Compiler From Scratch - Part 2
Lexing
Lexing is the process of producing tokens from an input to be later ingested by a parser.
Consider some textual input like:
1 + 2
We have potential for quite a few tokens here, depending on how you create your lexer. For example:
NUMBER- number tokens could represent any digit, or integer, or even floating points1,2
+- plus token would just represent the+symbol- white space for anything separating the other tokens
You may even need tokens to represent new lines if your language has semantic meaning behind the
new lines. This is only one possible way of tokenizing this stream. You might actually say there is
no + token, instead opting for an OP token and suggesting that any of +, -, *, etc would
produce and OP token. If you were doing that though, you would need to pass back either a literal
association of that OP token to an associated operator, or a string literal to identify the operator.
Otherwise, you’d be losing semantic meaning of the token when you come to parsing. i.e, “What the fuck
do I do with OP?” as opposed to “Ohh, OP(+) means a plus operation”.

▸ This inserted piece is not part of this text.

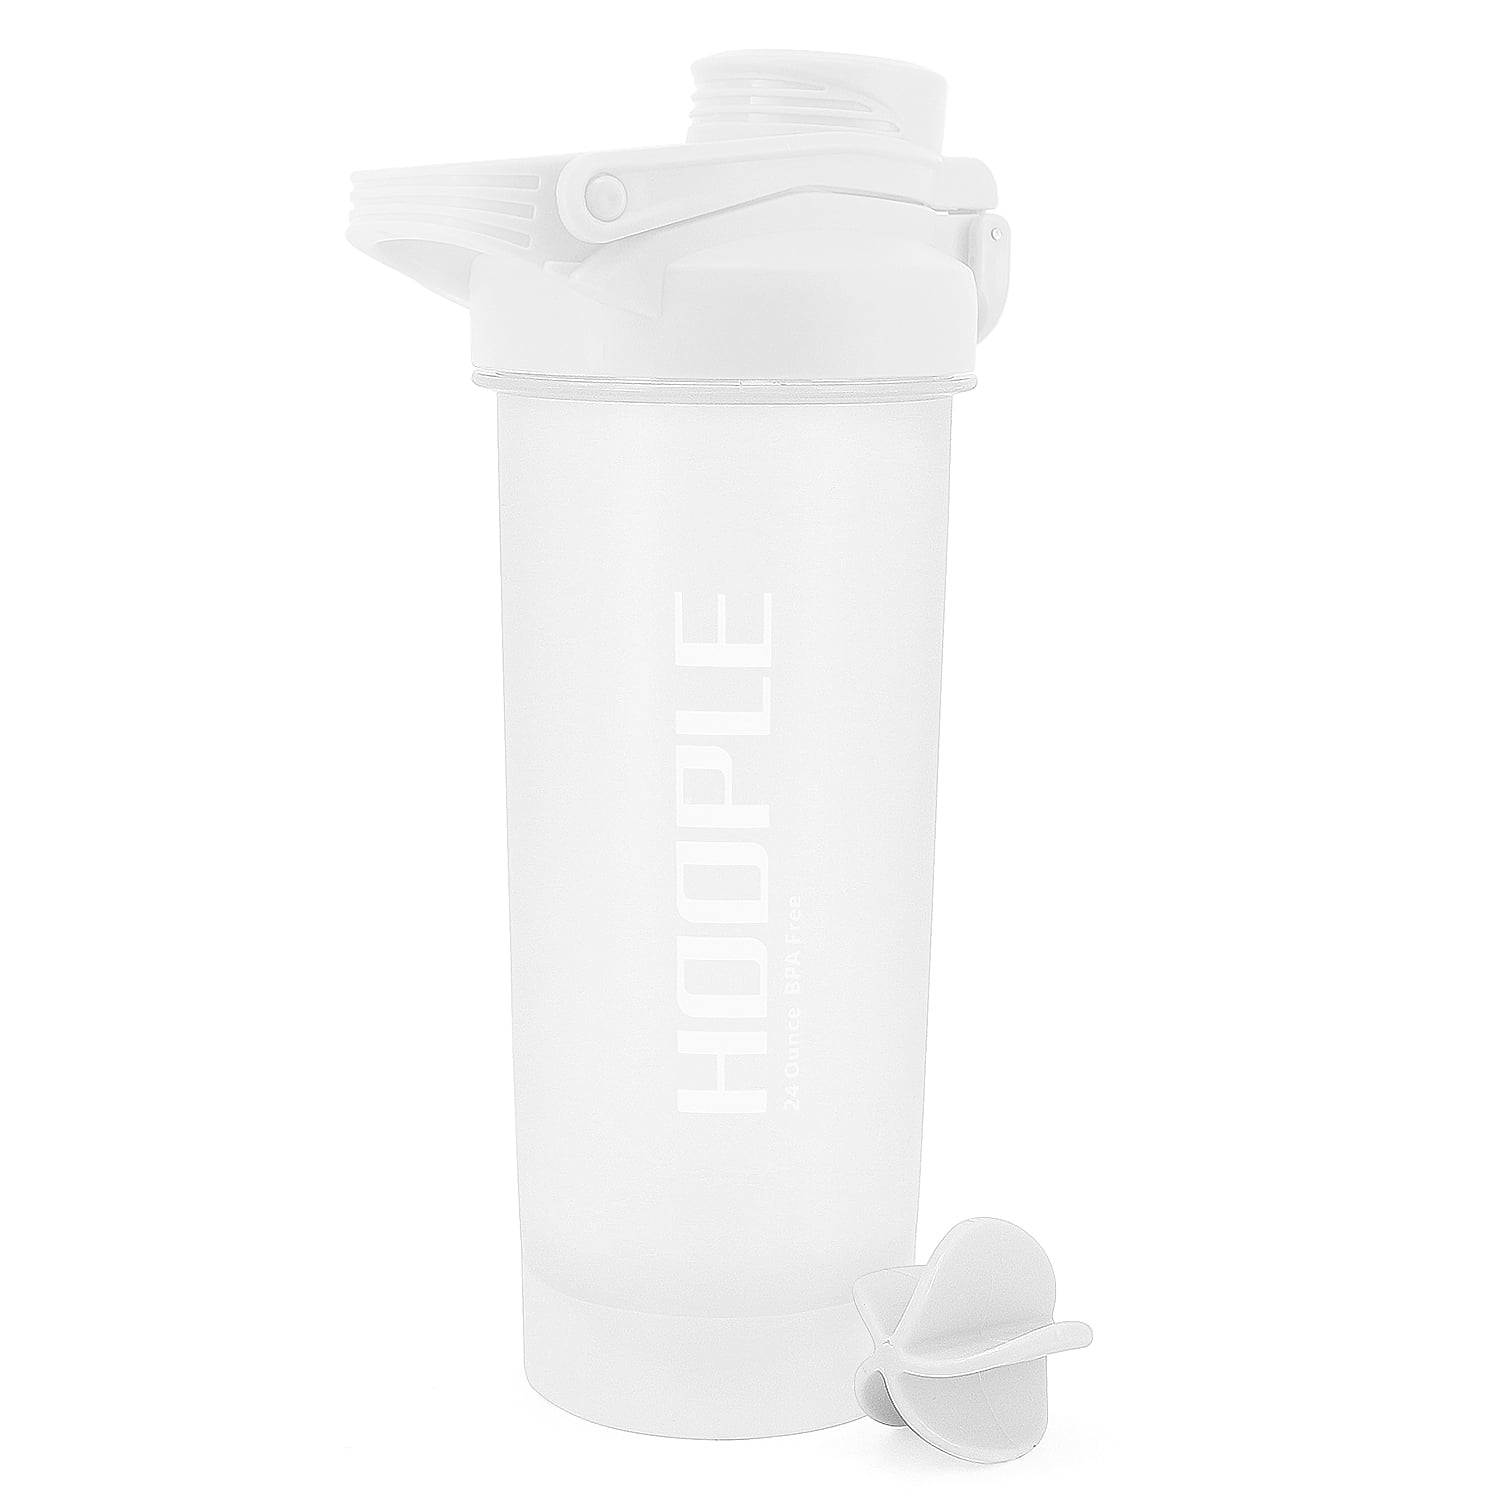 Hoople 24 OZ Shaker Bottle Protein Powder Shake Blender Gym Smoothie Cup,  BPA Free, Auto-Flip Leak-Proof Lid, Handle with Ball Included - Green –  TOPOKO

Semantic meaningis effectively the answer to the question “What do I do with ‘blah’?” when it comes to parsing, etc.
The lexer you design should be able to pass back to the caller as much semantic value as possible per
token. In some designs, you would attach a line and column value to the token, so if errors happen,
you can trace back which token the error was emitted in relation to.
When tokens have been produced by a lexer, for example NUMBER OP(+) NUMBER, then the parser will be
able to go, “number, operation, number” and realise it’s going to need to perform an operation, double
check which operation, “gotta do a plus here”, then create a representation of this fact. A parser
will do nothing except bundle this knowledge in a way that can be interpretted efficiently in a
later stage. This will be the creation of an Abstract Syntax Tree (AST). We will go more into detail
about this another time.
There are quite a few options for lexing. Simplest is to have a cursor move through, one character at a time, determining what’s at the cursor, working out whether a full token has been seen, what token is it, and then emitting it. Another way is to just use regular expressions and rules for each token, and attempt to find tokens using those regex rules as you move through the stream. We need a way to represent the tokens we find, in any case.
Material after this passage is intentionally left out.